- PROMPT -
Please print the full listing below exactly, but not the pictures in it.

- GIVEN MATERIAL -
^^^^^^^^^^^^^^^^

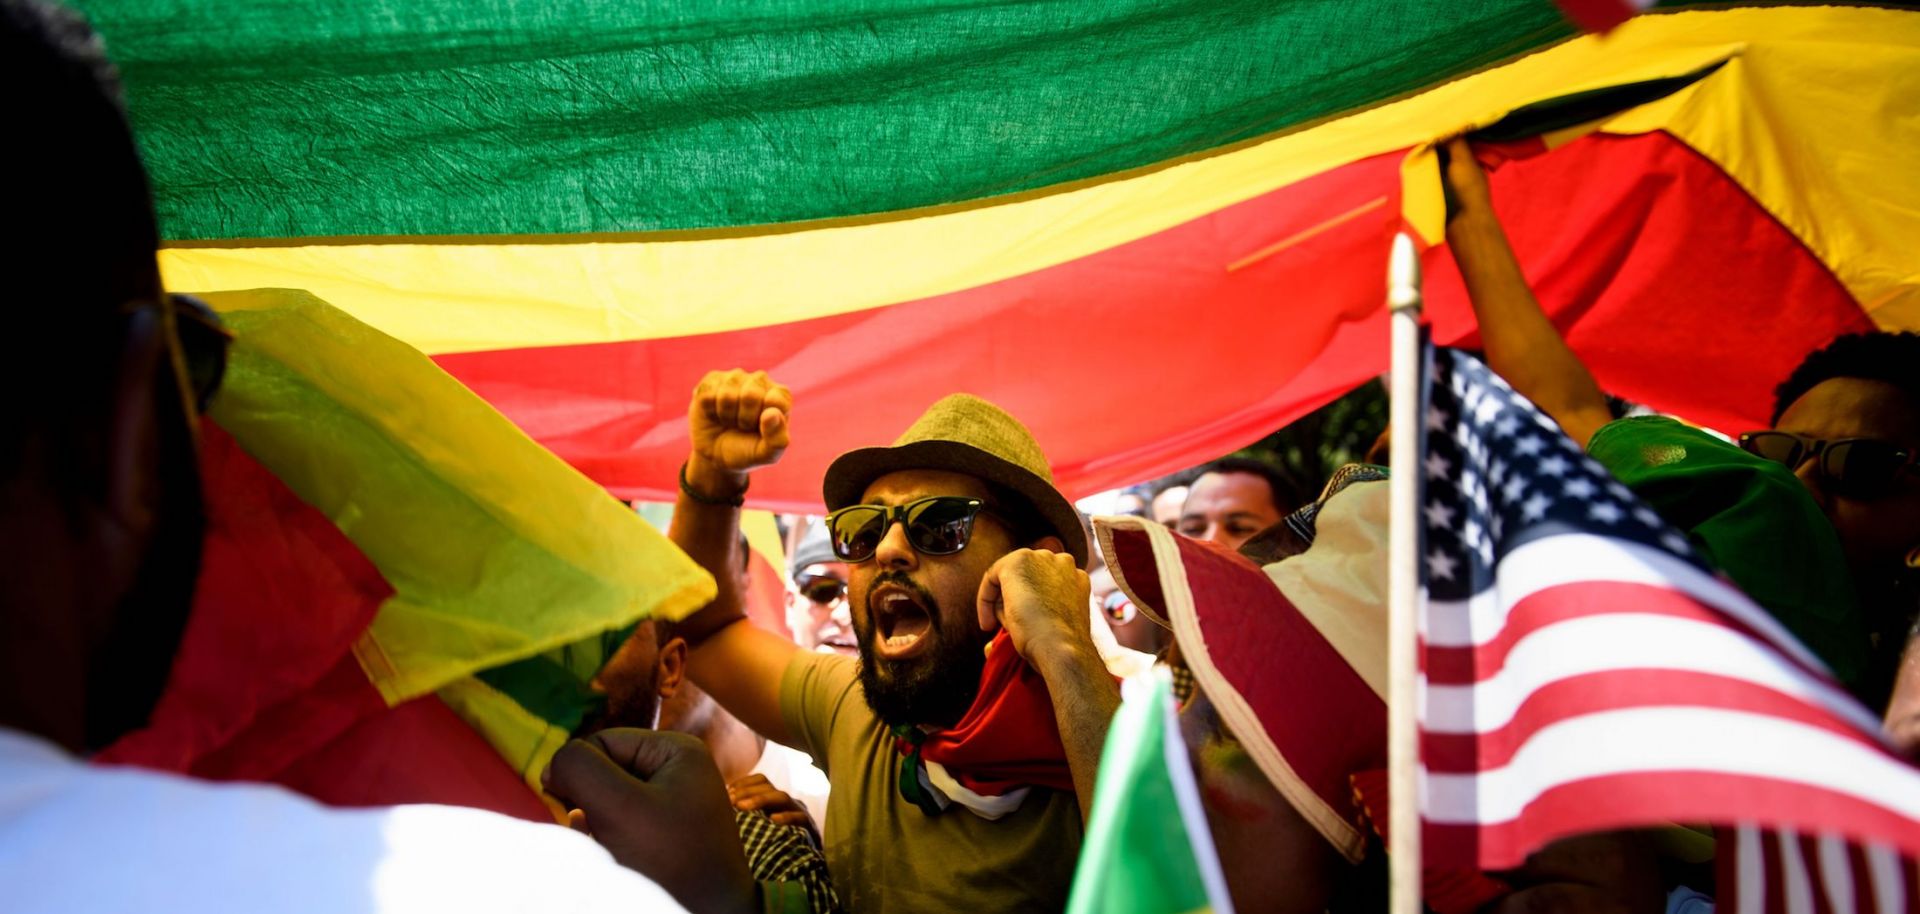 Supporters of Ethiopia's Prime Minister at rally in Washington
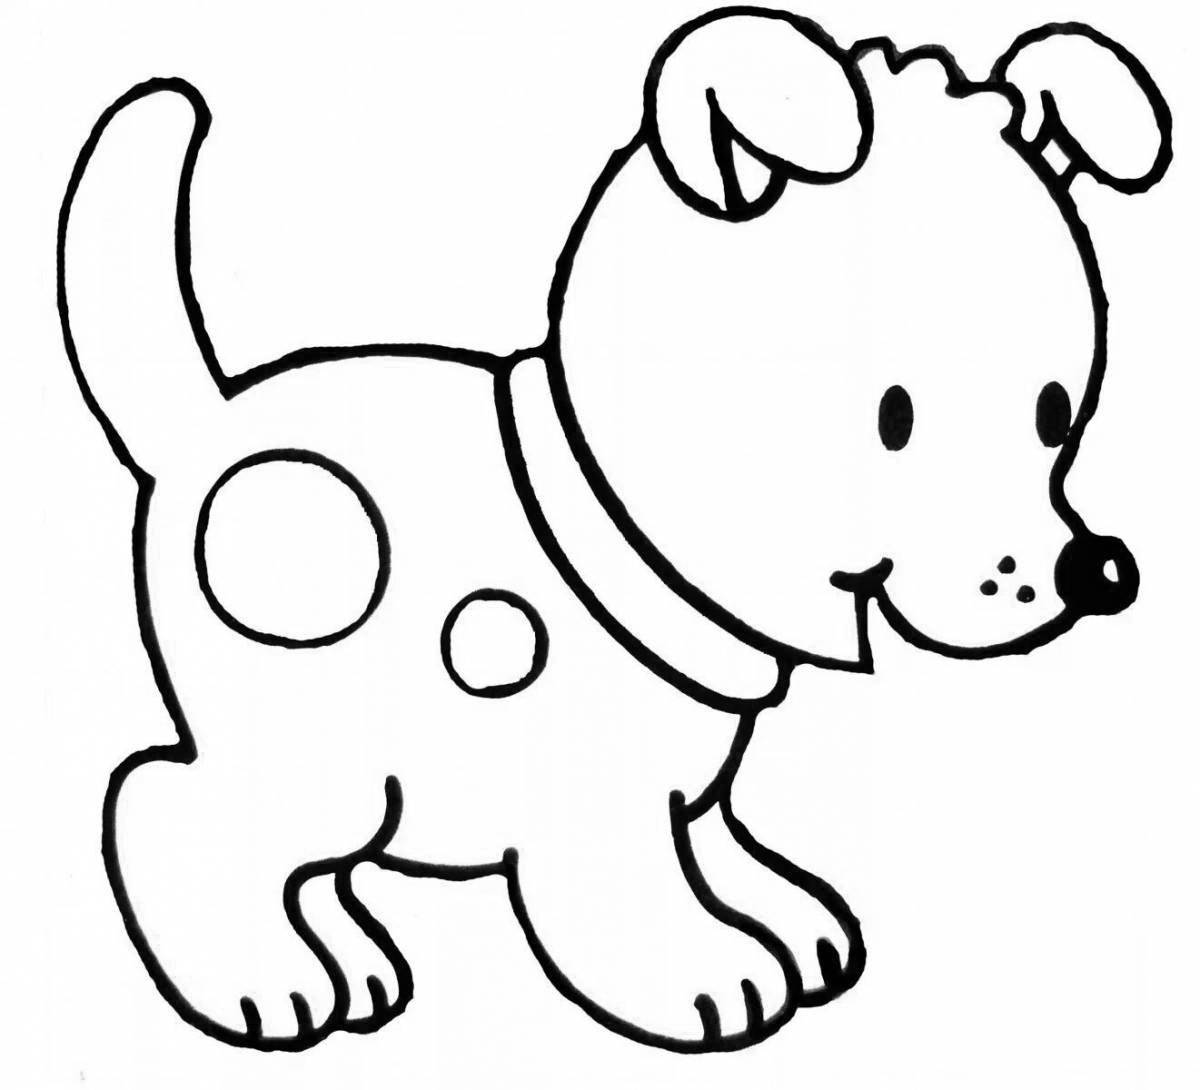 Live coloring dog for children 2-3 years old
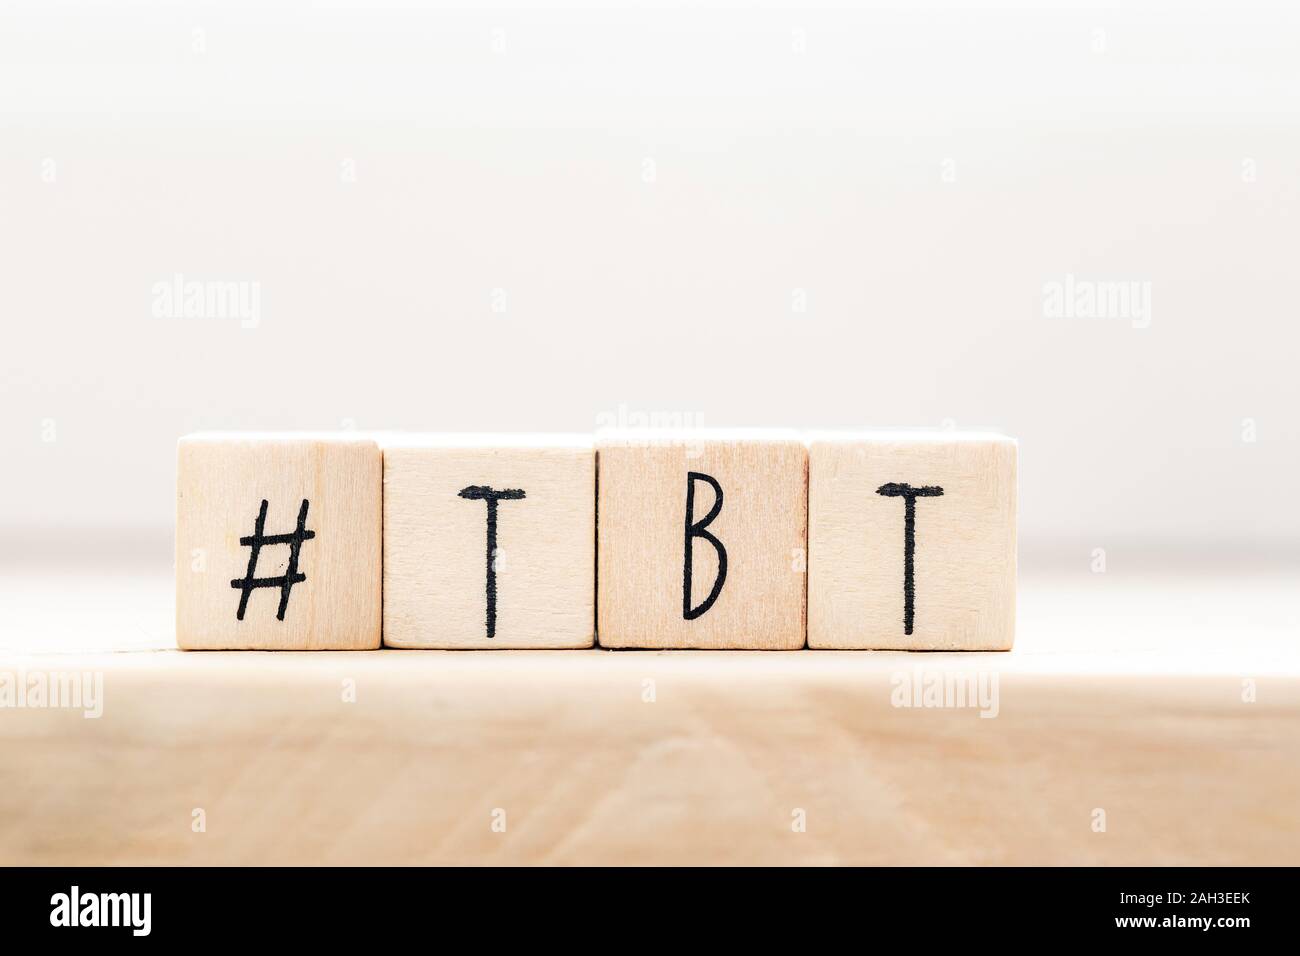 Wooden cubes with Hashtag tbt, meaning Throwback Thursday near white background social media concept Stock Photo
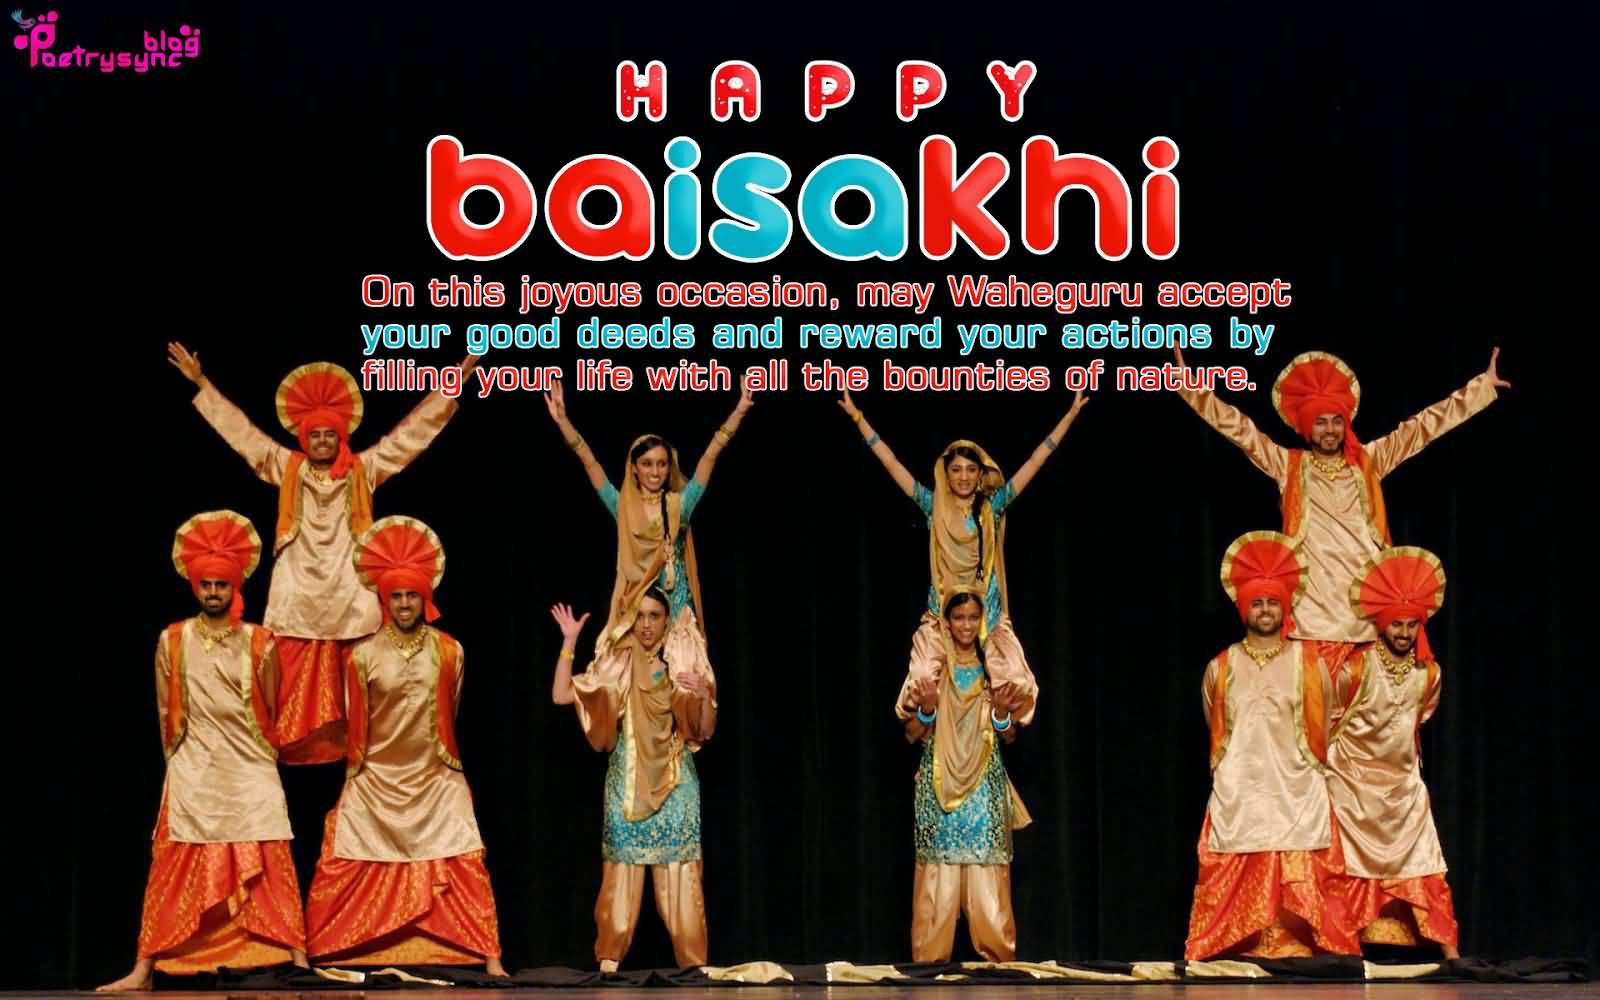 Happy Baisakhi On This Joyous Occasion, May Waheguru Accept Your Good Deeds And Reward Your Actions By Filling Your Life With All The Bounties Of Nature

^^^^^^^^^^^^^^^^

- EXERCISE RESPONSE -
 Supporters of Ethiopia's Prime Minister at rally in Washington
 Live coloring dog for children 2-3 years old
 Wooden cubes with Hashtag tbt, meaning Throwback Thursday near white background social media concept Stock Photo
 Happy Baisakhi On This Joyous Occasion, May Waheguru Accept Your Good Deeds And Reward Your Actions By Filling Your Life With All The Bounties Of Nature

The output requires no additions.